Russia girded herself to do what the best sentiment in England had in vain demanded. She declared war against Turkey in support of the oppressed provinces of Servia, Herzegovina, and Montenegro. In the month of April, 1877, the Russian army crossed the frontier. Then came the capture of Nikopolis, the repulse at Plevna, the battle of Shipka Pass, another and successful battle of Plevna, the storming of Kars, and then, the Balkans passed,--an advance upon Constantinople. On the 29th of January the last shot was fired. The Ottoman Empire had been shaken into submission, and was absolutely at the mercy of the Tsar, who dictated the following terms: The erection of Bulgaria into an autonomous tributary principality, with a native Christian government; the independence of Montenegro, Roumania, and Servia; a partial autonomy in Bosnia and Herzegovina, besides a strip of territory upon the Danube and a large war indemnity for Russia. Such were the terms of the Treaty of San Stefano, signed in March, 1878. To the undiplomatic mind this seems a happy conclusion of a vexed question. The Balkan states were independent--or partially so; and the Ottoman Empire, although so shorn and shaken as to be innocuous, still remained as a dismantled wreck to block the passage to the East.
But to Beaconsfield and Bismarck and Andrassy, and the other plenipotentiaries who hastened to Berlin in June for conference, it was a very indiscreet proceeding, and must all be done over. Gortchakof was compelled to relinquish the advantages gained by Russia.
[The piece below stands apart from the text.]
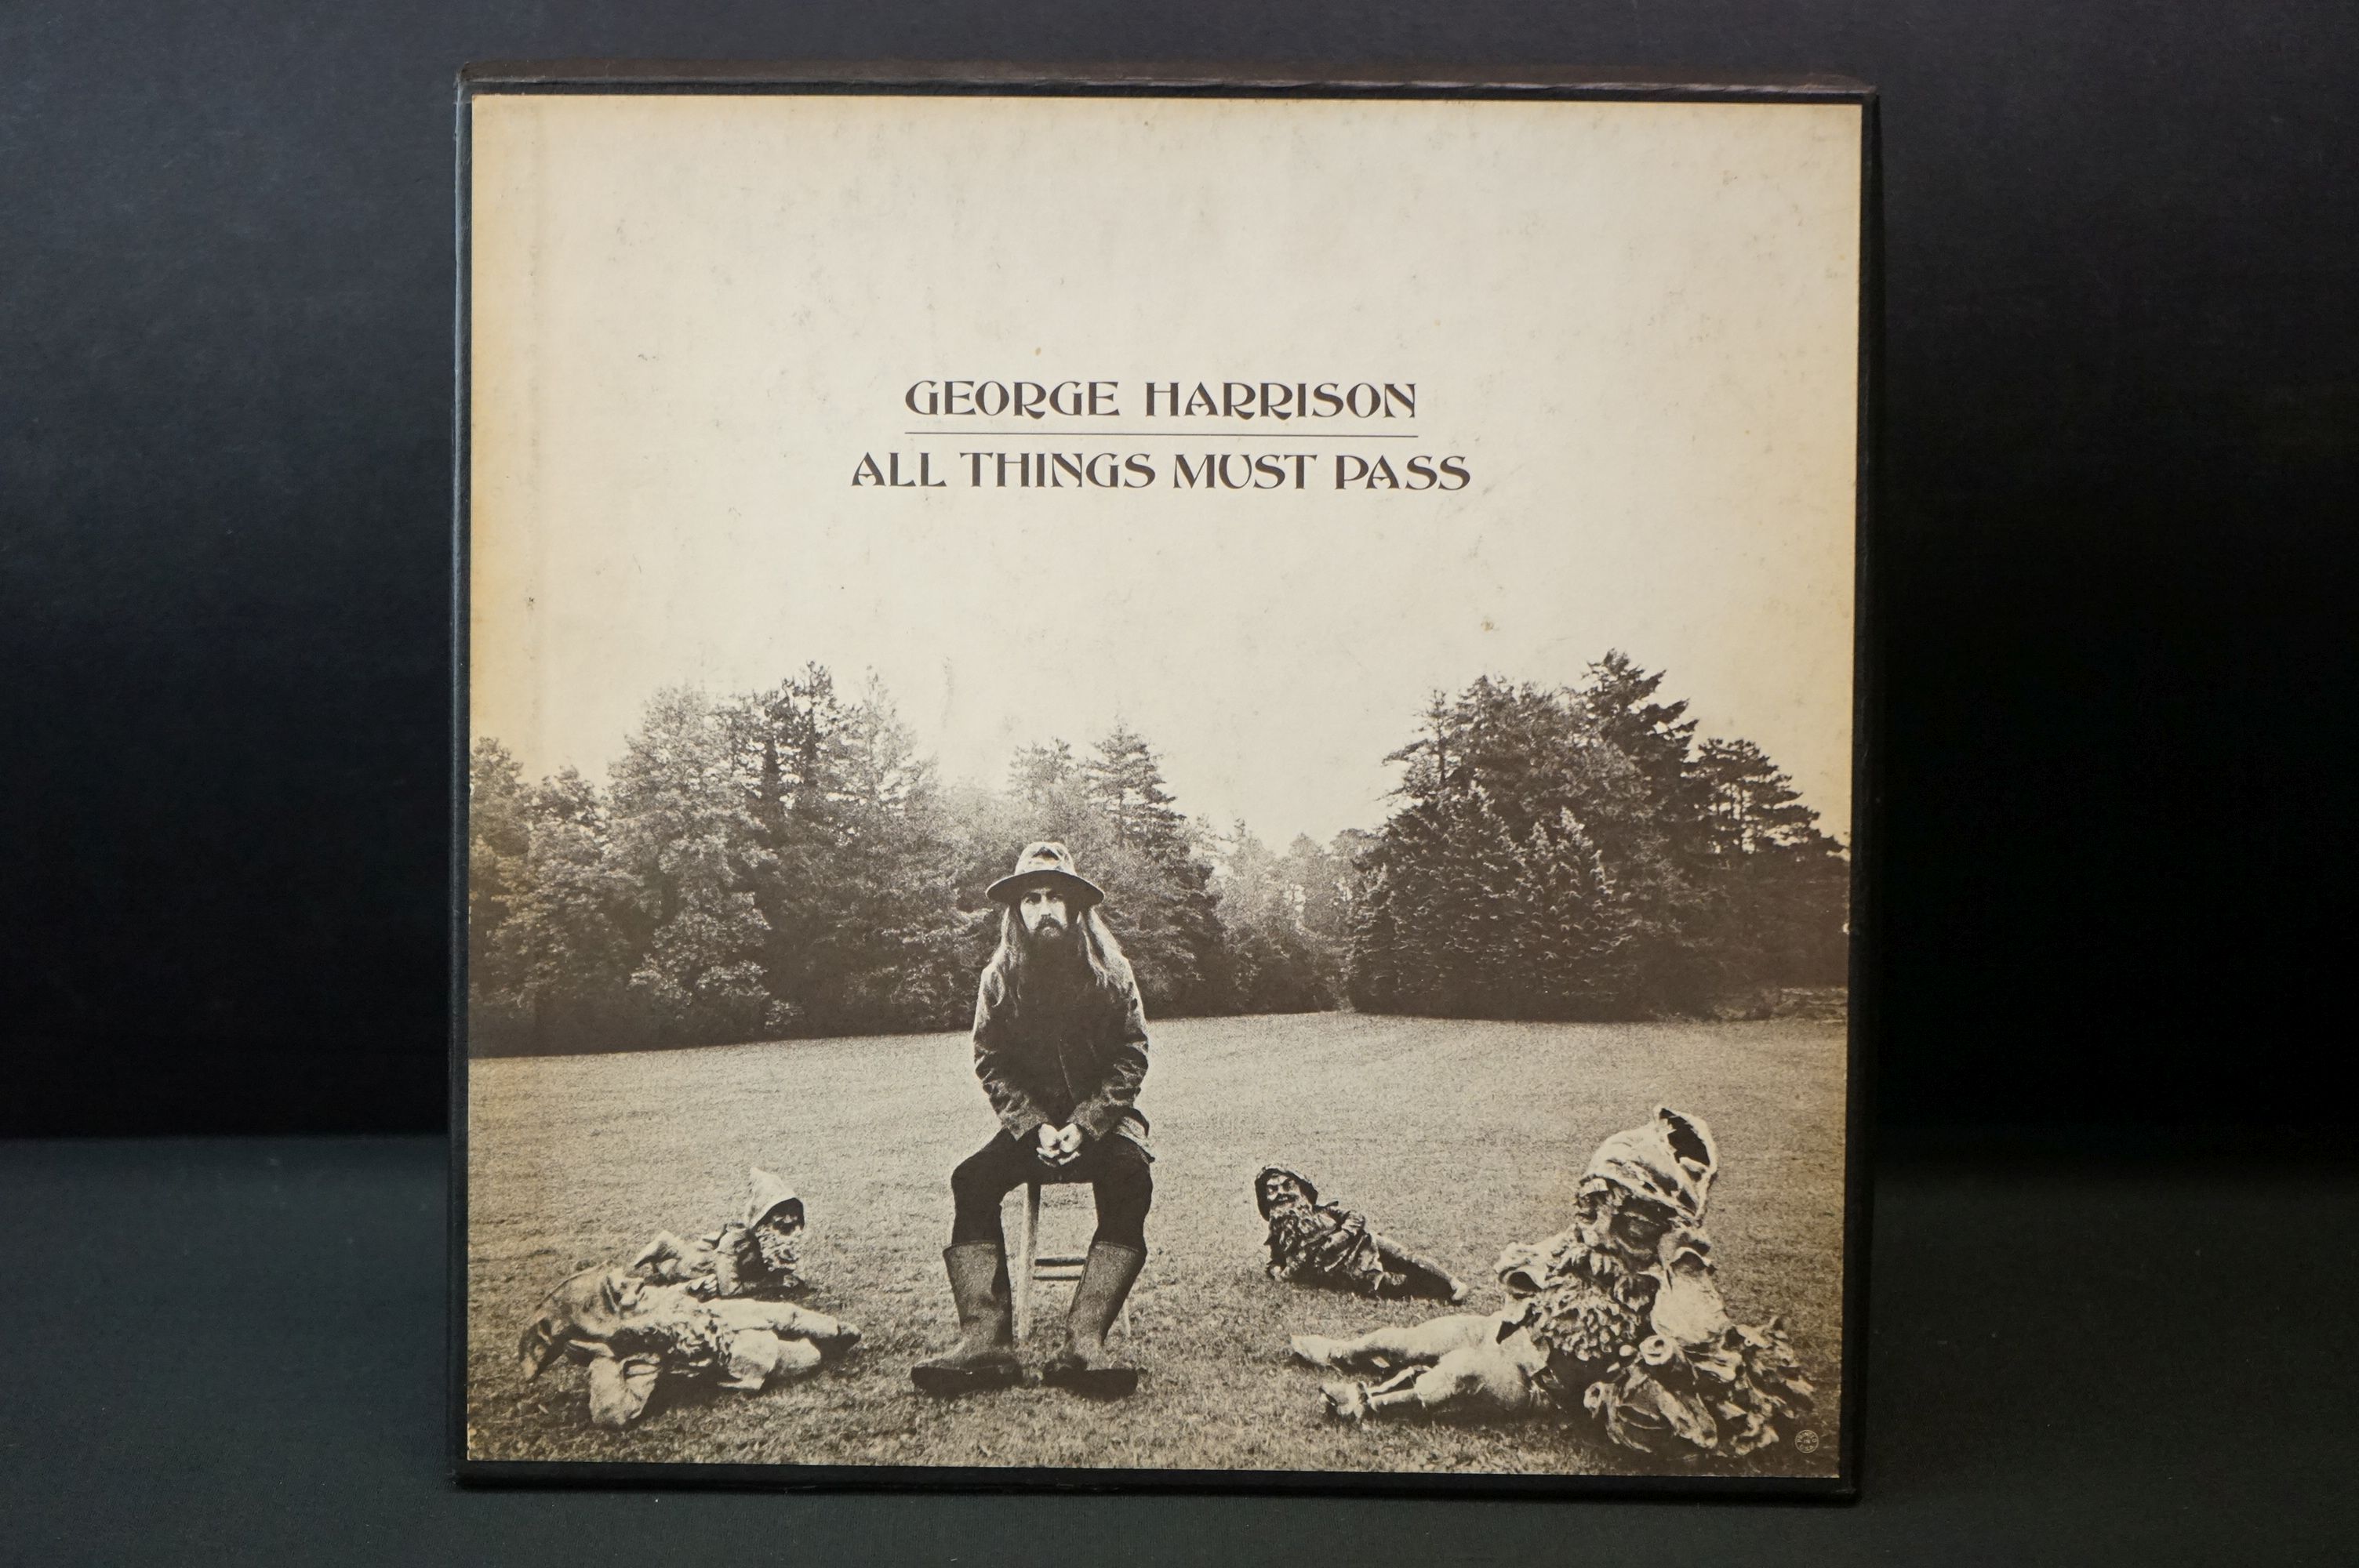 Vinyl - George Harrison All Things Must Pass. Original UK 1st Pressing on Apple Records, (STCH 639),

Bulgaria was cut into three pieces, one of which was handed to the Sultan, another made tributary to him, the third to be autonomous under certain restrictions. Montenegro and Servia were recognized as independent, Bosnia and Herzegovina were given to Austria; Bessarabia, lost by the results of the Crimean War, was now returned to Russia, together with territory about and adjacent to Kars. Most important of all--the Turkish Empire was revitalized and restored to a position of stability and independence by the friendly Powers!
So by the Treaty of Berlin England had acquired the island of Cyprus, and had compelled Russia, after immense sacrifice of blood and treasure, to relinquish her own gains and to subscribe to the line of policy which she desired. A costly and victorious war had been nullified by a single diplomatic battle at Berlin.
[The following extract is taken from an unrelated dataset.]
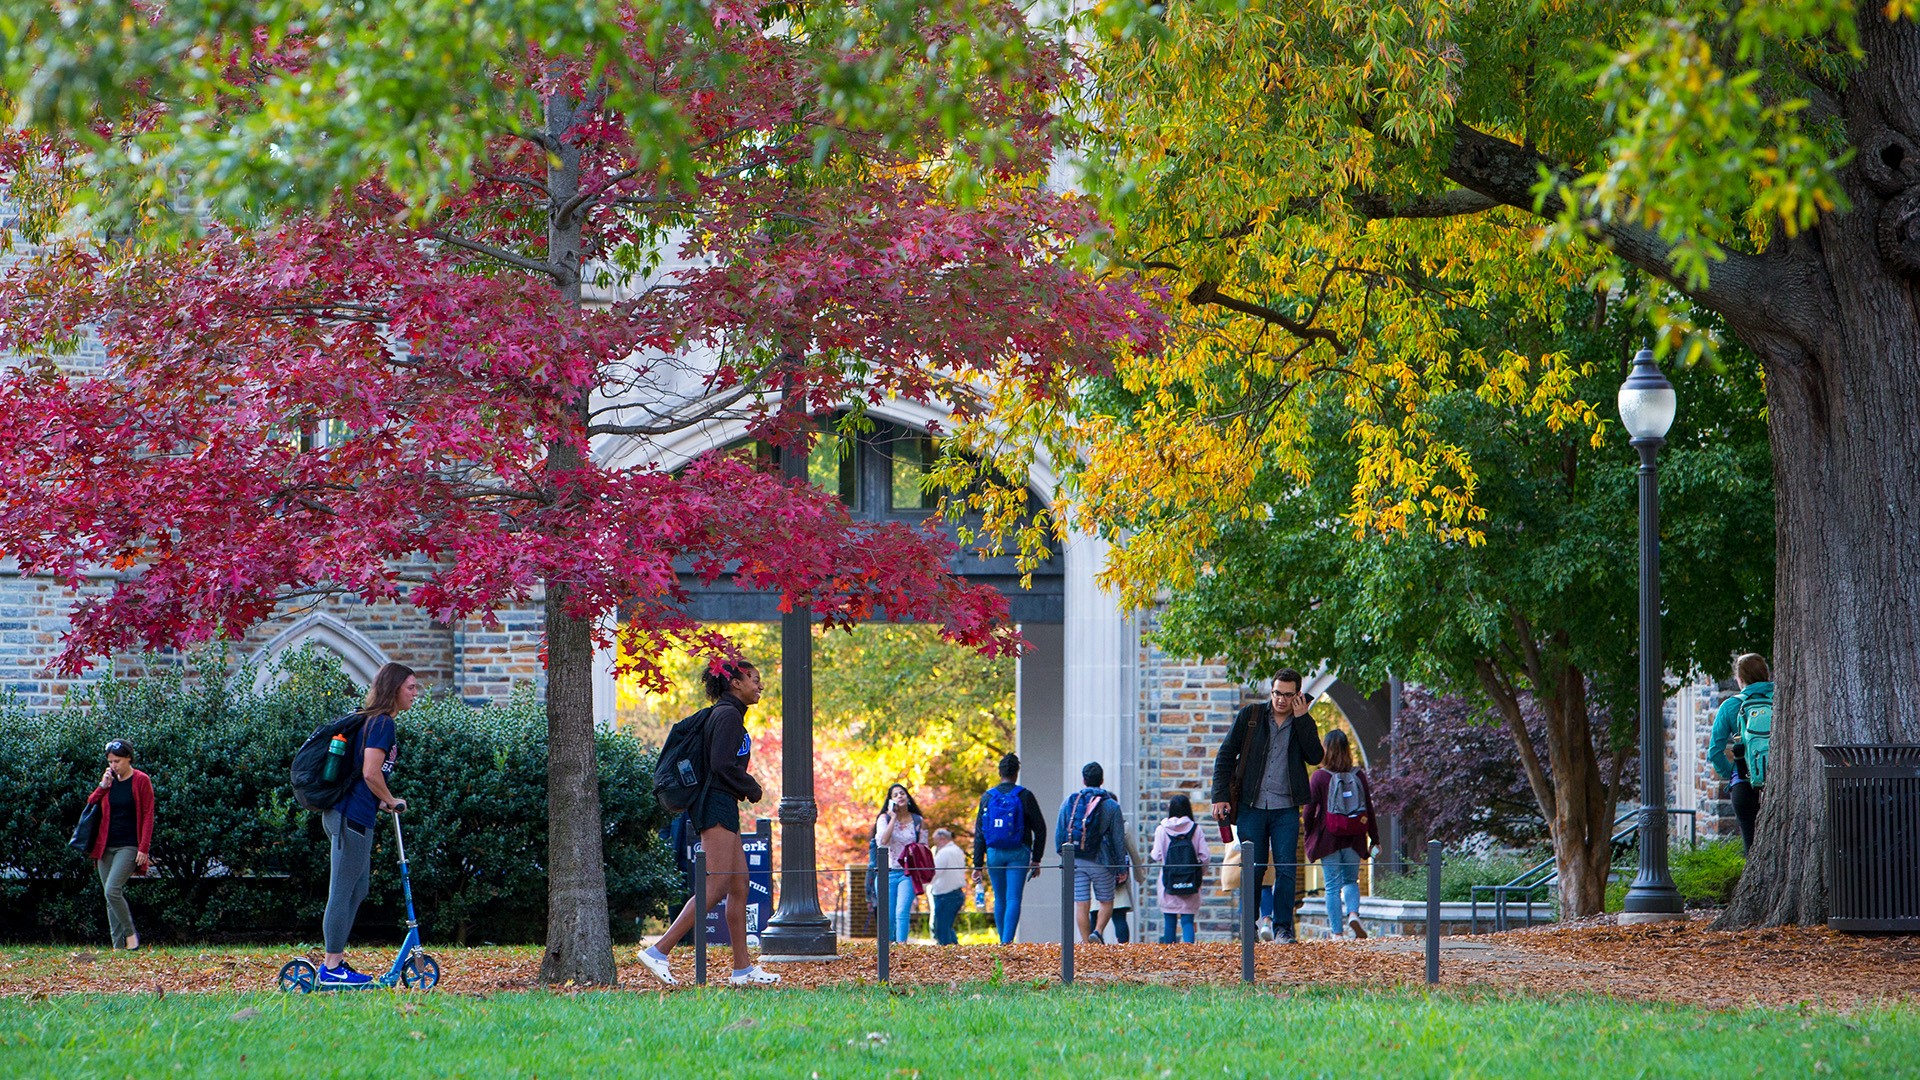 Fall season on campus. Leaves with red, yellow, and green still on trees and students walking through fallen leaves.

The pride of Russia was deeply wounded. It was openly said that the Congress was an outrage upon Russian sensibilities--that "Russian diplomacy was more destructive than Nihilism."
Emperor Alexander had reached the meridian of his popularity in those days of promised reforms, before the Polish insurrection came to chill the currents of his soul. For a long time the people would not believe he really intended to disappoint their hope; but when one reform after another was recalled, when one severe measure after another was enacted, and when he surrounded himself with conservative advisers and influences, it was at last recognized that the single beneficent act history would have to record in this reign would be that one act of 1861. And now his prestige was dimmed and his popularity still more diminished by such a signal diplomatic defeat at Berlin.